▶ _Task objective_
You are asked to reproduce the listing exactly and to omit its pictures.

▶ _Given information_

☆ ☆ ☆ ☆ ☆ ☆ ☆

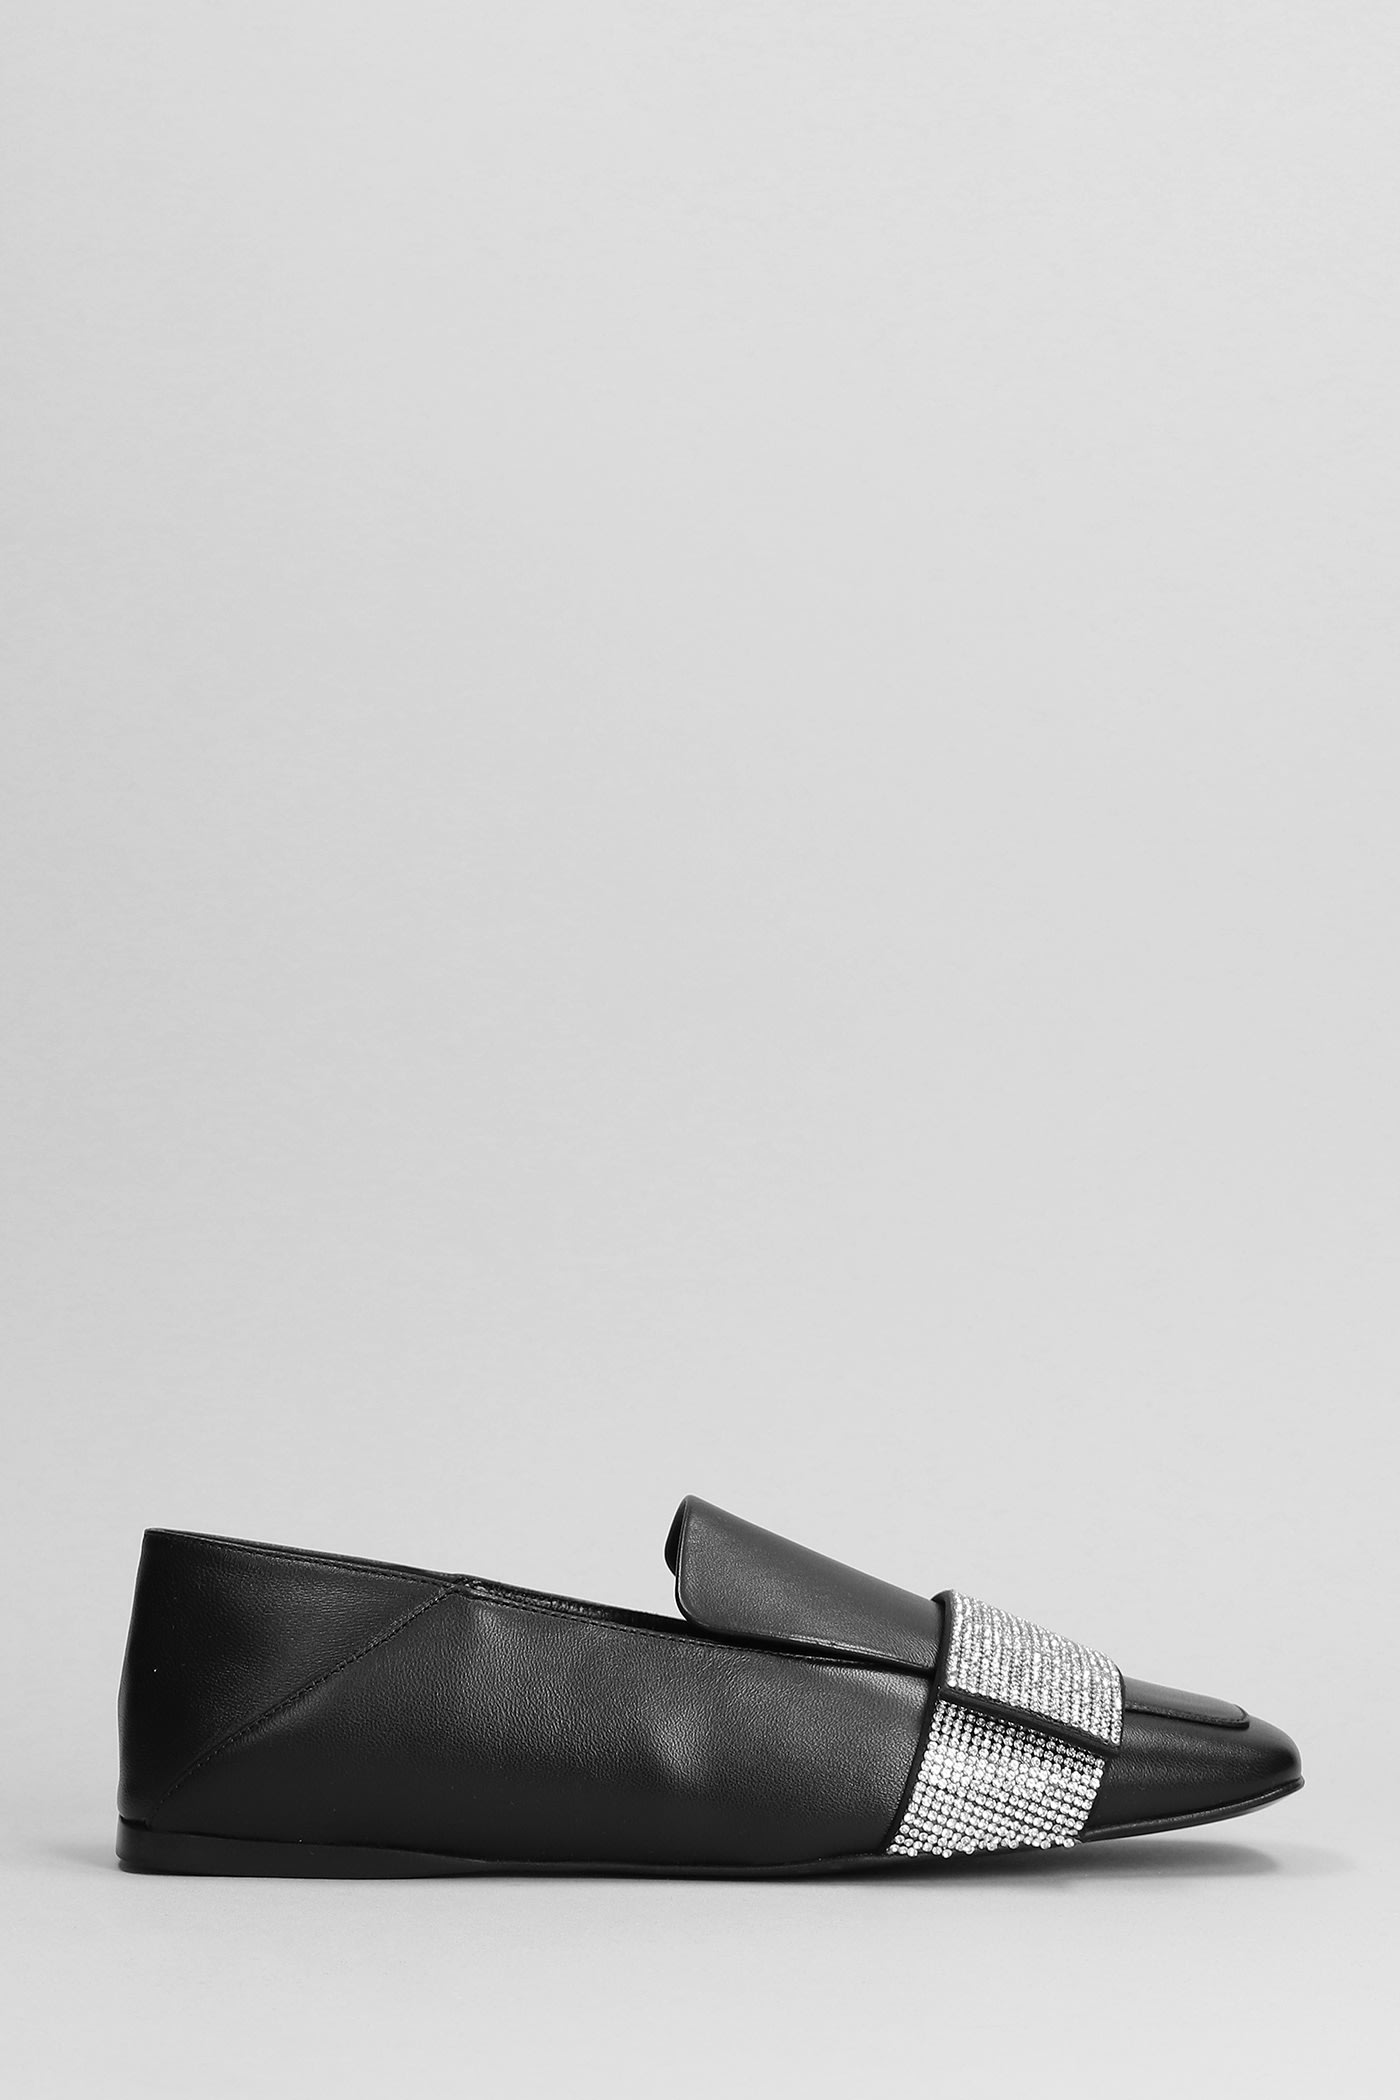 Sergio Rossi Loafers In Black Leather
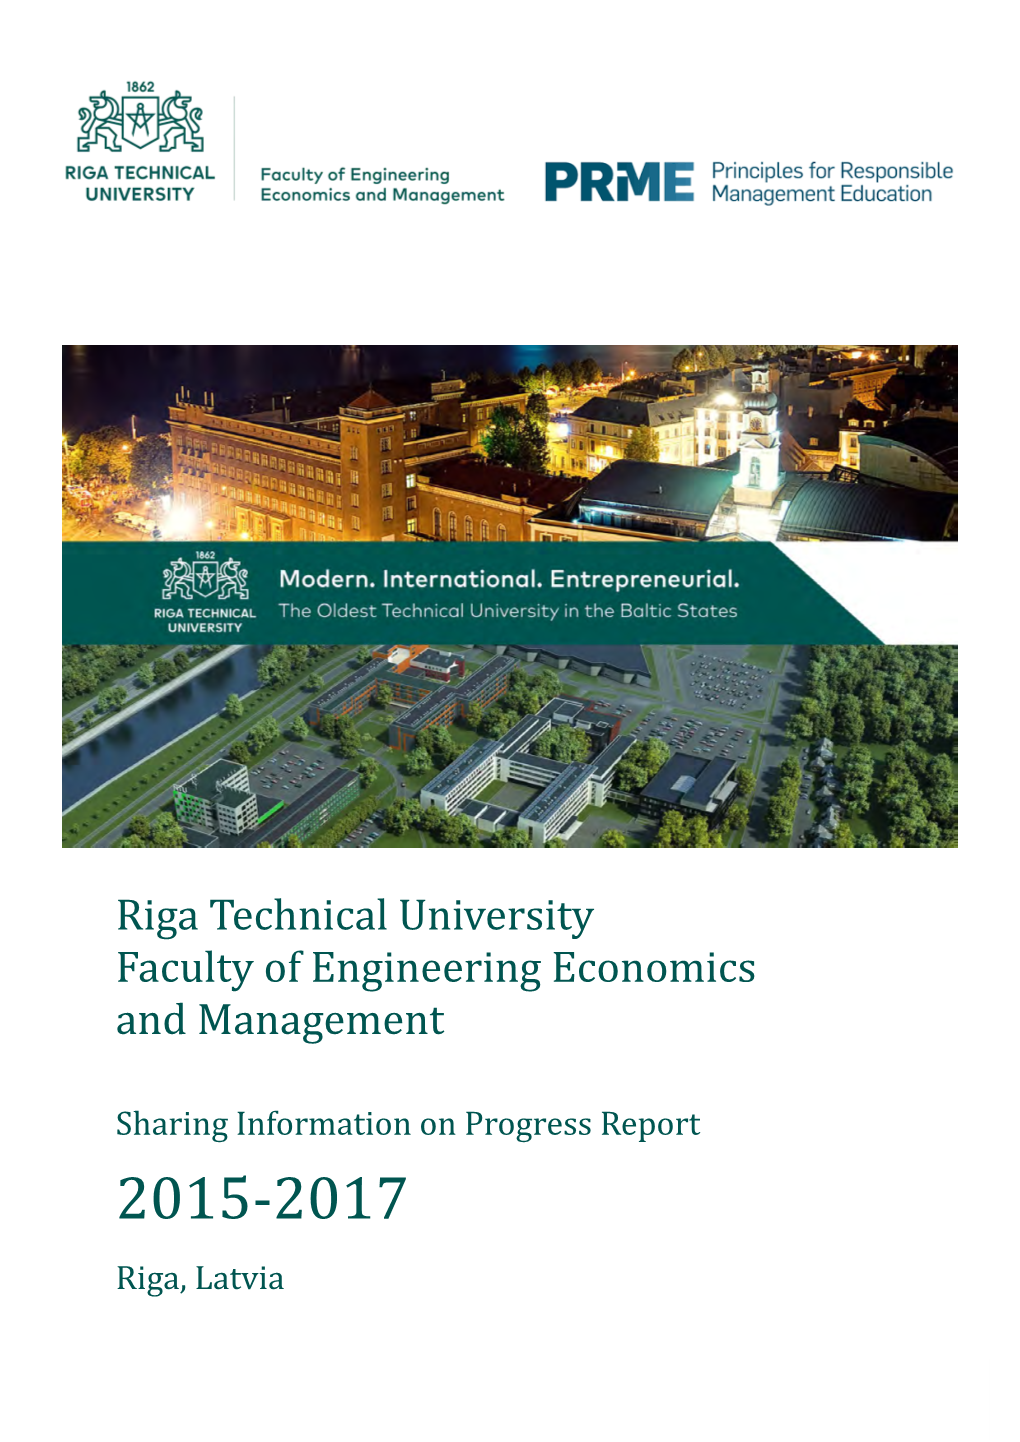 Riga Technical University Faculty of Engineering Economics and Management
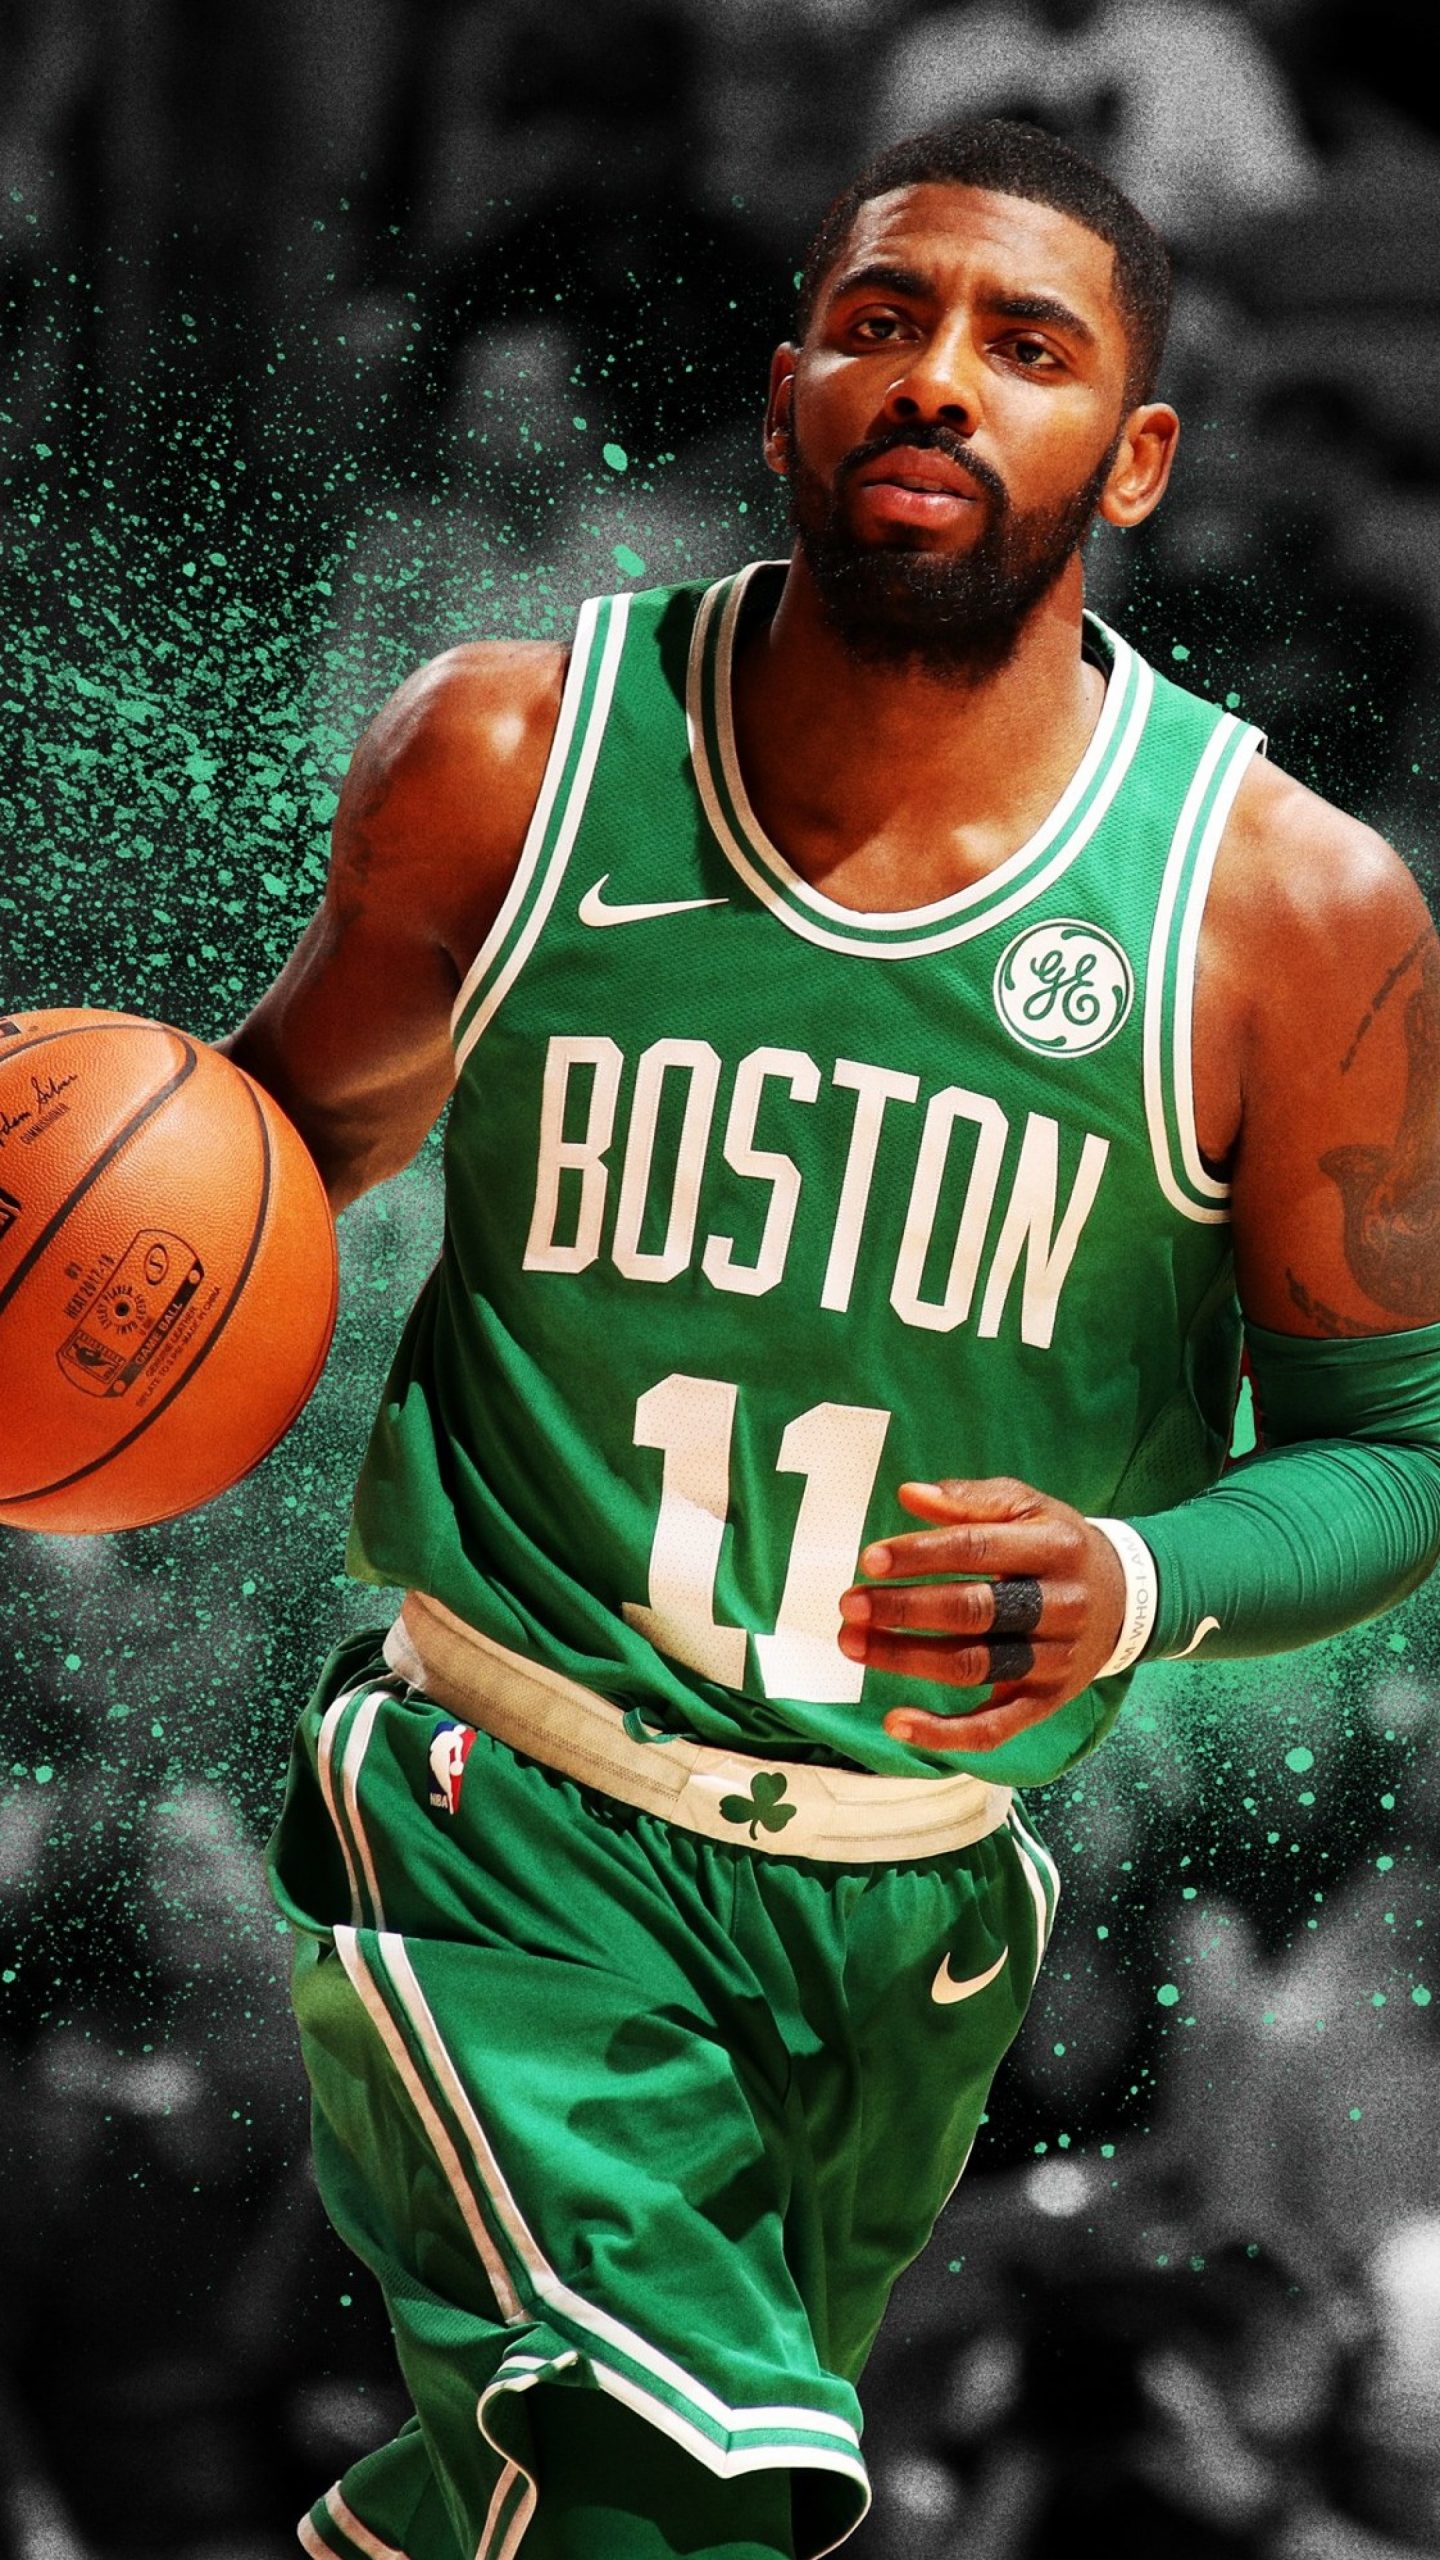 HD kyrie irving wallpapers

☆ ☆ ☆ ☆ ☆ ☆ ☆

▶ _Response to the task_
 Sergio Rossi Loafers In Black Leather
 Riga Technical University Faculty of Engineering Economics and Management
 HD kyrie irving wallpapers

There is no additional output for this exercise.